Small query benchmark - bbuchfink/diamond GitHub Wiki

This benchmark shows runtimes of Diamond v2.0.11 and BLAST v2.10.0 of searching the E. coli and A. thaliana proteomes against the NCBI NR database (April 2021, 370 million sequences). The benchmark was run on a AMD Ryzen Threadripper 3960X 24-Core system with 256 GB of RAM.

Note that Diamond is optimized for large query datasets, and using a small query file like the genes of a single organism does not achieve optimal efficiency and speed. Sets of smaller query files should be combined into a larger file and searched together if possible.

Runtimes for BLAST are estimates based on a sample.

The benchmark was run using Diamond with a database in BLAST format, which can be expected to be more efficient in particular for small query files, since it takes advantage of memory mapped files to cache the database in memory and to load sequences more quickly. Note that several "warmup" runs may be necessary to make the system fully cache a database in memory.

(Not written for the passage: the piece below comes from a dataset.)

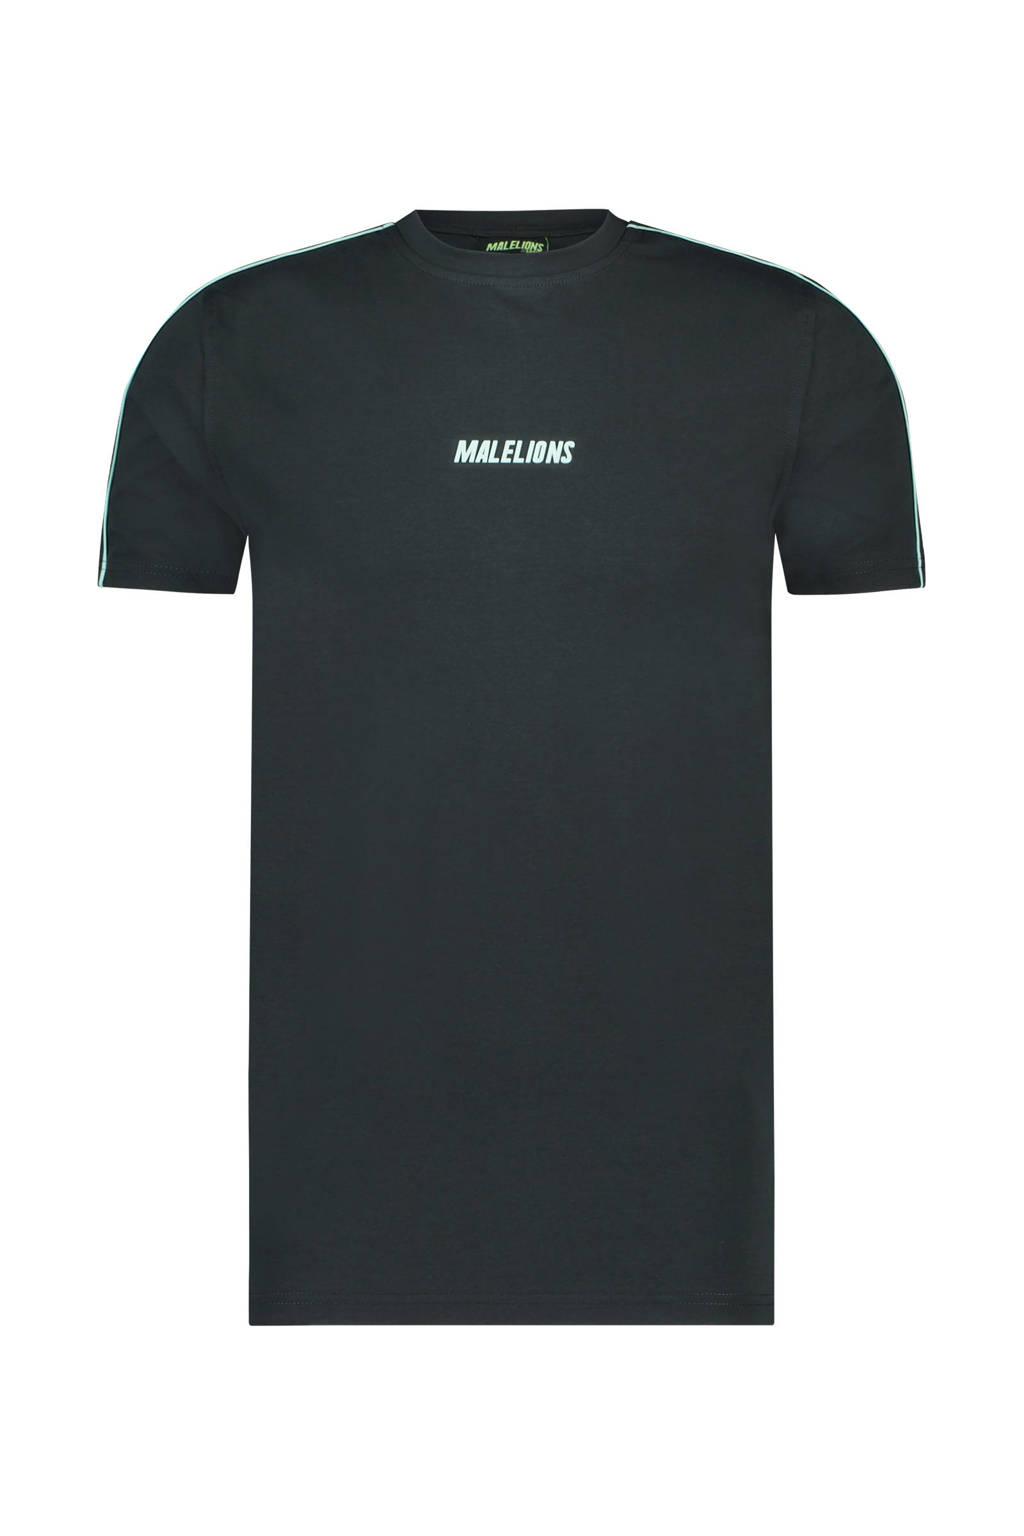 Malelions T-shirt Coach antraciet/mint, Antraciet/mintgroen
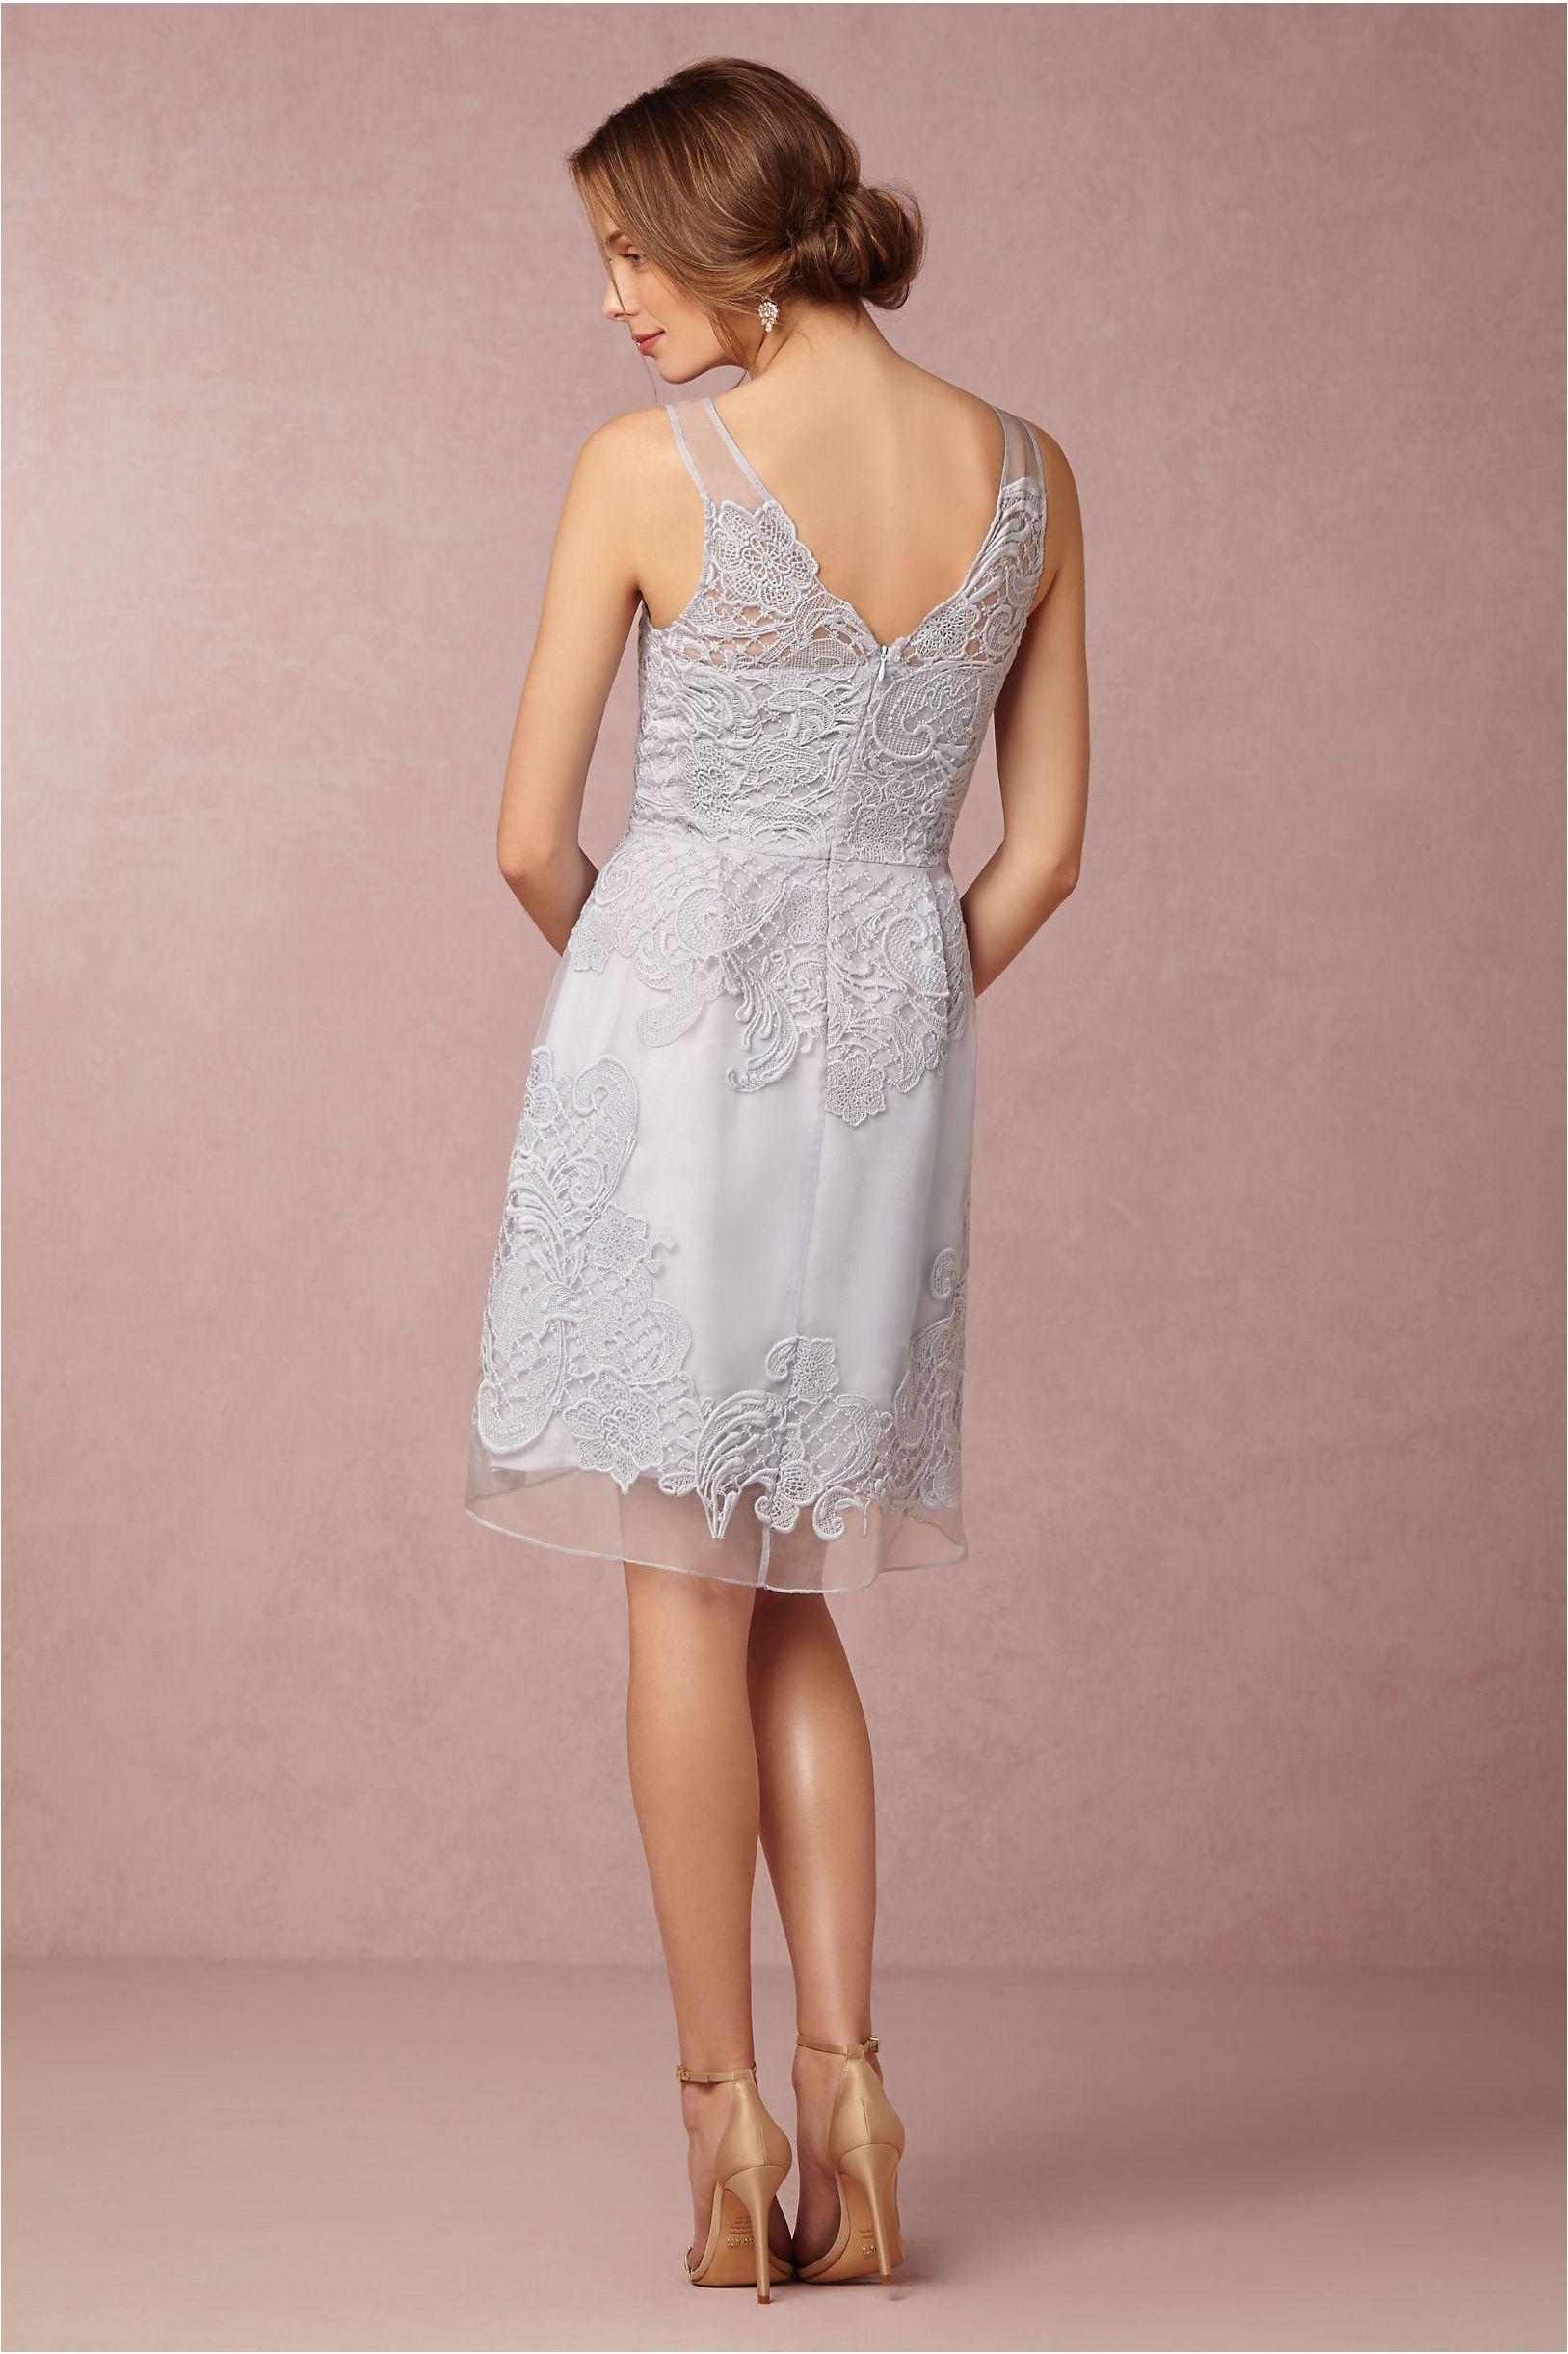 100+ Cute Lace Short Bridesmaid Dresses Trends and Ideas   Pinterest

The parameters for the runs were: diamond blastp -c1 -g300

The global ranking -g option is a new heuristic to limit the number of targets for which extensions will be computed for each query, and is useful when only a small number of best hits per query are required. Depending on the desired reporting accuracy, this number should be increased, or the option may be omitted to maintain the more conservative default behaviour.